Effective Date: November 6, 2024
SUMMARY
Two of the most positive outcomes of the recent election are that it is over and there is a clear winner, avoiding any prolonged uncertainty or legal disputes. The initial market reaction to President Trump’s win has been positive, with U.S. equities rising and international equities and bonds declining. Markets have performed well throughout 2024, largely due to the central banks’ shifts in interest rate policies. The U.S. Federal Reserve is expected to announce another interest rate cut of 0.25% on November 7, 2024. Historically, November and December are positive months in election years as investors move past election-related uncertainty. If markets continue to be strong, the plan is to rebalance portfolios in December with some allocation changes.
ADDITIONAL ANALYSIS
Following the election results, U.S. equity markets have risen intraday, with the S&P 500 up by 1.8% and the Russell 2000 (small-cap companies) up by 4.5%. International and emerging market equities have declined by 1.7%, while the U.S. aggregate bond index is down 0.8% due to rising interest rates. The U.S. dollar has strengthened, and oil prices have dropped. There are two interpretations of the market's reaction. First, President Trump’s "America First" policies may favor U.S. companies at the expense of foreign firms and contribute to inflation through tariffs. Alternatively, these policies could stimulate U.S. growth with the possibility of lower taxes. Both interpretations likely hold some validity. With both Houses of Congress likely under Republican leadership, significant economic and tax legislation may pass in the coming months, though we will need to wait to assess its impact.

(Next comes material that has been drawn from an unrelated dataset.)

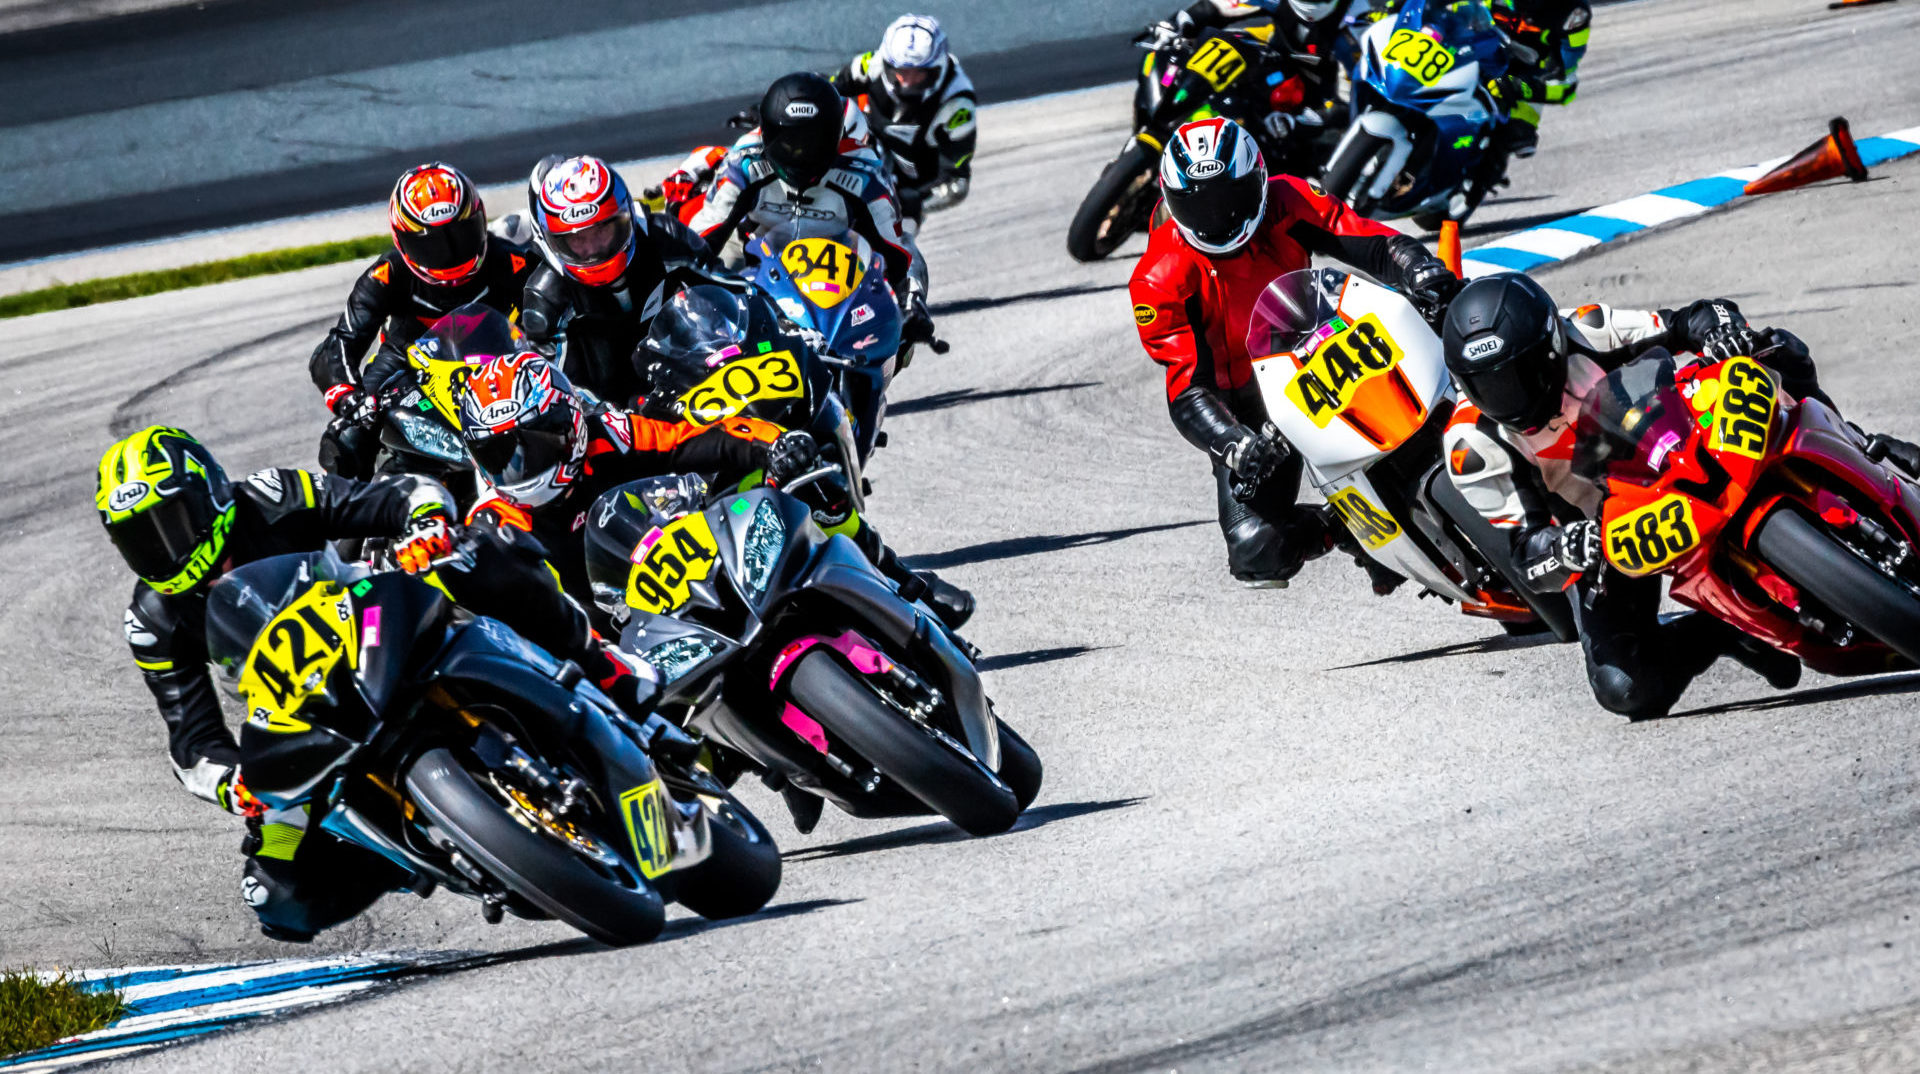 NEMRR racers in action at New Hampshire Motor Speedway. Photo courtesy NEMRR.

As mentioned, U.S. equities tend to perform well in the three months following a presidential election no matter the outcome. An analysis by FundStrat reveals that since 1900, U.S. equities have averaged a 5.5% gain in this period (based on 31 elections) with a 61% success rate. However, in non-recession years like 2024 when markets are up going into the election like 2024, the average gain improves to 7.2% with a 100% success rate. While past performance does not guarantee future returns, election years typically provide a positive tailwind.
Market performance in 2024 has been strong despite the election, driven by declining inflation, the Federal Reserve’s rate cuts, and a resilient economy—all factors likely to persist regardless of the election outcome.
We last rebalanced the portfolio in July. If markets remain strong through year-end, we will likely rebalance portfolios again in December, adjusting qualified accounts fully and taxable accounts gradually to manage taxes. Planned adjustments include reducing U.S. S&P 500 allocations by 3% in favor of bonds, given higher S&P 500 valuations and improved bond returns with higher interest rates. This reallocation will leave portfolios underweight in real estate (5%), modestly overweight in U.S. equities (2%), and overweight in bonds (3%).
Finally, in rebalancing qualified accounts at Schwab, we will switch from our core SP 500 position (SPY) to a lower-cost S&P 500 Vanguard position (VOO). We will retain SPY in existing taxable accounts, while VOO will offer the same investment benefits at a lower cost for new positions.